It was a cold October evening in Edinburgh and we were excited about where we were going to warm our cockles and soothe our rumbling bellies. We were wondering down the Royal Mile, on the way to Holyrood, towards Wedgwood, the restaurant.
Wedgwood is owned by Paul and Lisa Wedgwood. Paul has worked everywhere from pubs and leisure parks to fine dining Michelin-starred restaurants. It’s an award-winning restaurant, having previously been included in The Sunday Times Top 100 restaurants in the UK in 2015, based purely on guest reviews. Plus, their wine list was announced as the best in Scotland.
The restaurant looked warm and inviting, and we couldn’t wait to get inside. The waitress had our reservation, (heard they use an excellent booking system), the table was ready and we sat down in the corner of the restaurant which meant we had a full view of the action. From my seat I could see the pass, which was just a small hole in the wall; you can see some action in the kitchen, like the plating up, but you can just see the torso of the chefs adding an air of mystery on this spooky Edinburgh night (it was near Halloween when we went…).
First thing to decide was wine (of course). The wine list at Wedgwood is excellently curated, they even bottle their own wine using barrels from Bodega Altanza in Spain, it’s called “Club Altanza, Rioja Reserva ‘Wedgwood’, 2010”, which you can try by the glass if you wish, using their Coravin system. For those not in the know, “The Coravin Wine System uses transformational technology that allows ‘Wedgwood’ to pour ‘their’ favorite wine by the glass, without pulling the cork.” Mental. After all that we decided to settle on a bottle of French red, the Languedoc Pinot Noir, Montsablé, 2016 to be exact, and it was delicious. Rest assured, you will not find a dud wine on their wine list.

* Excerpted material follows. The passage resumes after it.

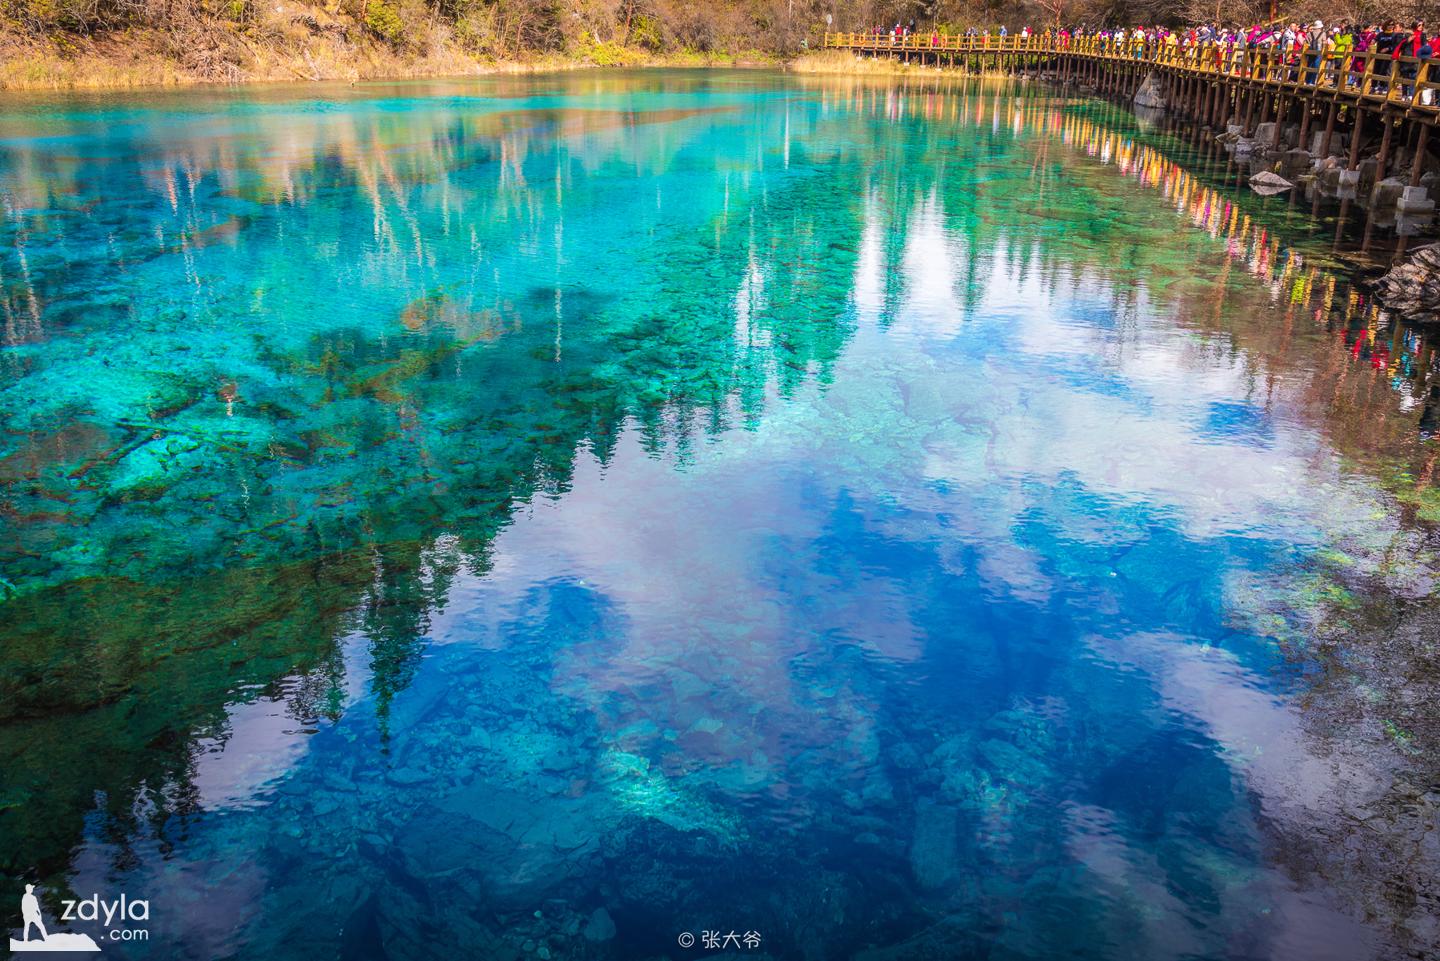 Jiuzhai Valley · Colorful pool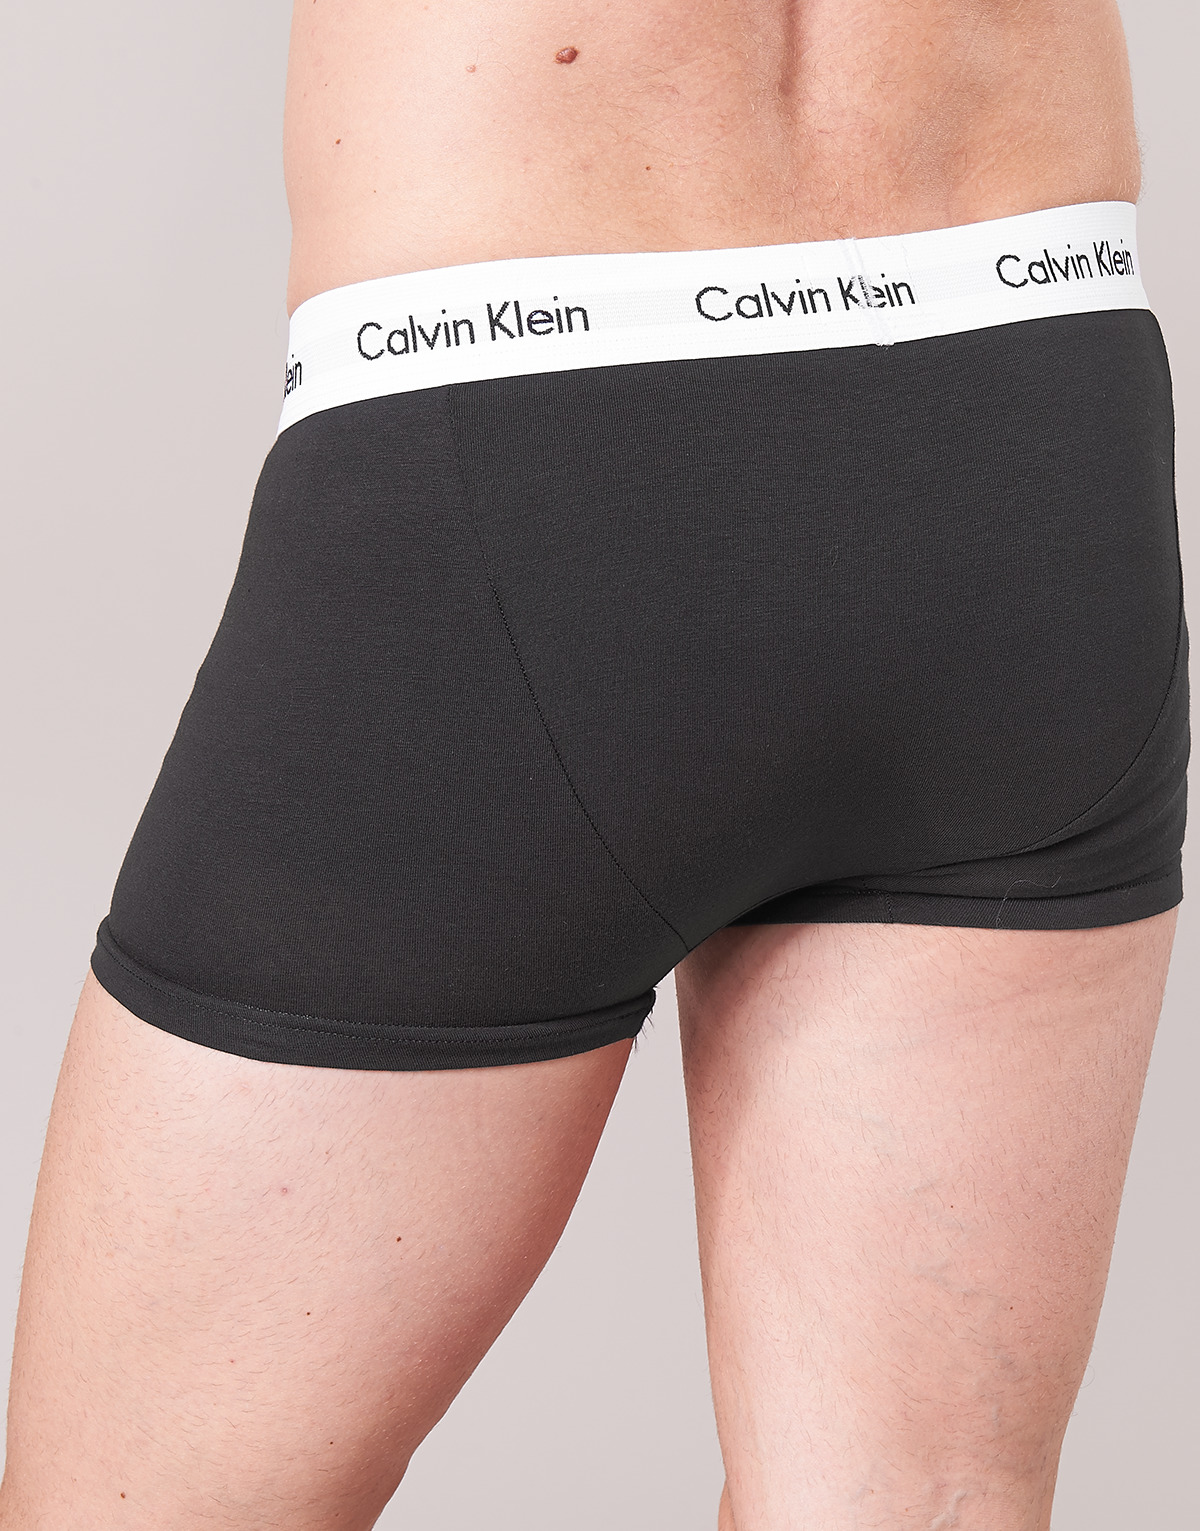 Calvin Klein Jeans Noir / Blanc / Gris chiné COTTON STRECH LOW RISE TRUNK X 3 1KOjQrOH

Deciding on the food was a whole other matter altogether. We wanted everything on the menu. The waitress recommended the Salmon to start, and told us how lucky it is if you find a bullet in your partridge main. Crossing our fingers for a bullet in our bird, we finalised our dishes and settled in, chatting away. After a few minutes our waitress brought over some warm bread served with roasted garlic, rosemary and thyme oil. It was the perfect start to the meal. One of the ways to know if you’re in a great restaurant is the bread, if they do bread this well, we could only imagine how delicious the rest of our meal was going to be.
Next up was the starter, we decided to halve everything and swap over our dishes so we could get a taste of all the food. The starters arrived promptly, and in front of me was my choice, a bread and butter pudding. Bot not just any bread and butter pudding (say it M&S style), but a Mull of Kintyre cheddar and onion bread and butter pudding with mushroom ketchup and pine salt. It was delicious. It tasted earthy and fresh and the mushrooms adorning the top were sliced beautifully (almost wanted to ask where they got their kitchen knives from, but it just wasn’t the time and place…) and in terms of presentation, the dish looked like a woodland forest floor (in a good way) atop the bread and butter pud.
The recommendation of the salmon to start went down really well with us. This was no slimy smoked or cured salmon, this was a scorched Douglas fir cured salmon, pink grapefruit puree, and cucumber. The pink grapefruit puree was deliciously tart and offset the other classic salmon pairing of cucumber and salmon perfectly. After we’d essentially licked our plates clean, the waitress cleared our plates and soon came and gave us an in between courses palate cleanser. We had a pumpkin velouté (I think…) with sage oil and cashews and although this was gone in a matter of seconds, we will certainly remember this forever. Holy smokes. We could just tell the ingredients were so fresh and amazing quality.
For the mains we ordered the Ayrshire partridge with barley, parsnip, wild mushroom and tarragon jus and also the fried potato gnocchi with butternut squash, wild mushroom, sage, and onions. I tried the partridge first and the meat was melt in your mouth smooth, sadly there was no lucky bullet in the bird, but I felt pretty lucky already with the perfectly cooked barley and the sweet roasted parsnips which helped me mop up the jus. Then it was onto the gnocchi, I almost didn’t get to have any as it was almost finished by the time I got to it. Once I prized it out of my fellow diners’ cutlery, I knew why he wanted to keep it all to himself. I’ve only ever burnt sage at home when I’m cooking but this crispy, buttery sage on top of the fried gnocchi was so delicious I could have had a full bowl of it.
We were stuffed but decided to go all in for dessert. The desserts we went for were the sticky toffee pudding with Caol Ila butterscotch, with vanilla ice cream and the pistachio frangipane, with meringue, brambles, and cardamom ice cream. As a STP connoisseur, this was one of the best I’ve ever had, and it was a very generous portion, which may have attributed to my food coma later that evening. The frangipane was tasty, light and subtle in flavour and completely charmed us both.